If the Lagrangian has no explicit dependance on the spacetime coordinates, then the spacetime translation $x^\mu\mapsto x^\mu+a^\mu$ for some constant 4-vector $a^\mu$ is a quasi-symmetry.


Applying Noether's theorem gives that $$ j^\mu=T^\mu_{\ \nu}a^\nu $$ is conserved, where $$ T^\mu_{\ \ \nu}=\frac{\partial\mathcal L}{\partial\partial_\mu\phi^a}\partial_\nu\phi^a-\delta^\mu_\nu\mathcal L $$ is the canonical stress-energy tensor.
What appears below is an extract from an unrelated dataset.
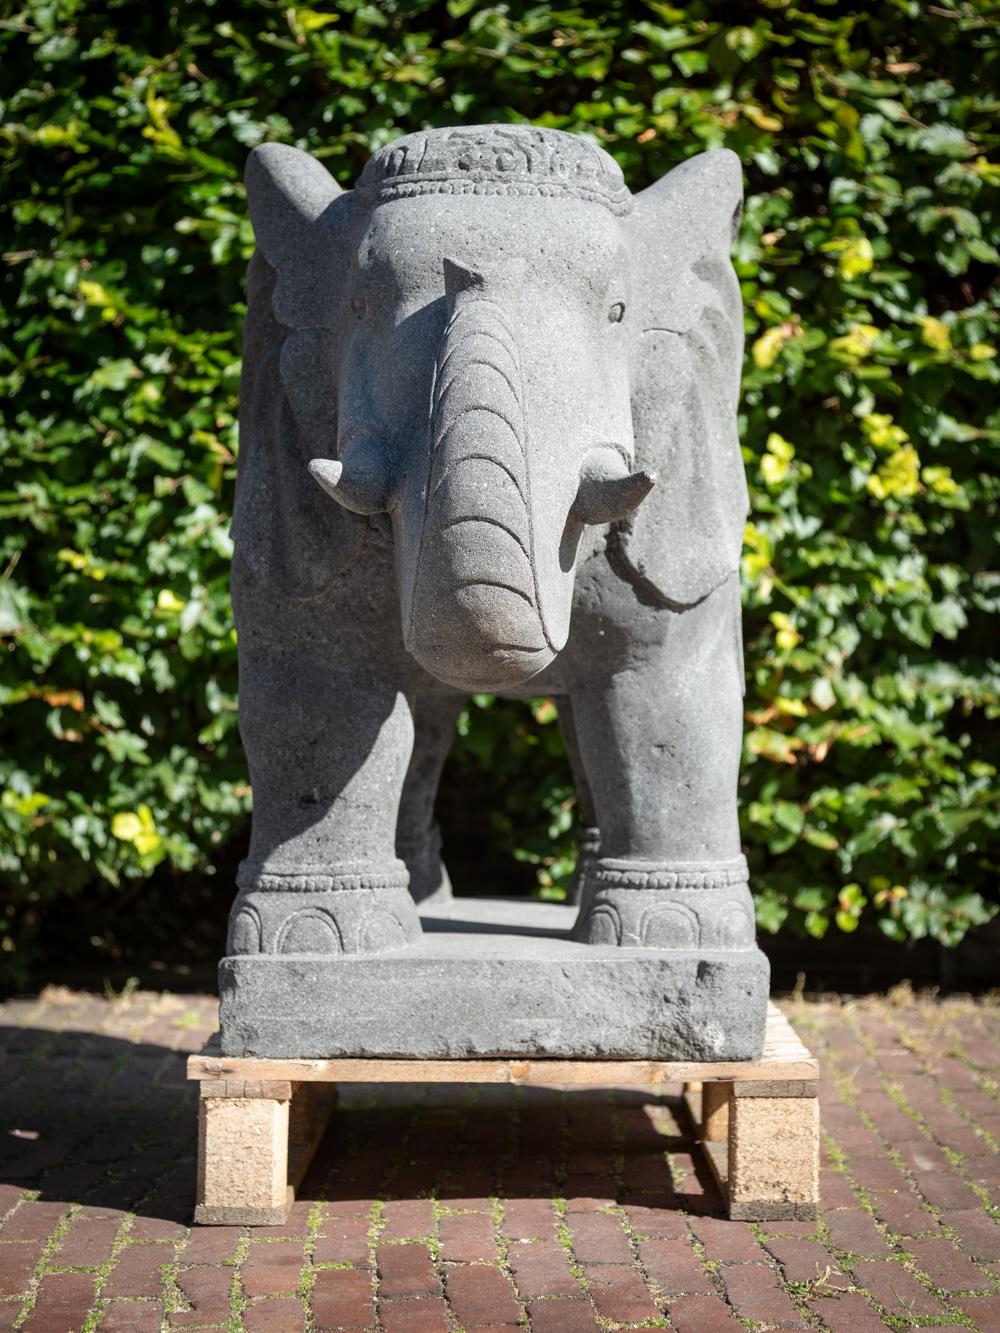 The large lavastone elephant from Indonesia is a truly remarkable and artistically significant artifact originating from the country. Crafted from lavastone, this elephant sculpture stands at an impressive height of 80 cm and measures 47 cm in width

If $a^\mu$ was truly arbitrary, then $T$ itself is conserved in the sense that $\partial_\mu T^{\mu\nu}=0$. We can identify $T$ with the tensor field discussed before, because, it is a conserved current associated with spacetime-translations, so it expresses the energy-momentum 4-current, which is precisely the same thing we considered in a more heuristic manner before.


Equivalent currents:



Assume that $j^\mu$ is a 4-current. The globally conserved charge is $$ Q=\int d^3x\ j^0. $$ If $\Sigma^{\mu\nu}$ is an antisymmetric tensor, then $$ \tilde{j}^\mu=j^\mu+\partial_\nu\Sigma^{\mu\nu} $$ generates the same charge $Q$, provided that $\Sigma$ falls off at infinity. Feel free to check it!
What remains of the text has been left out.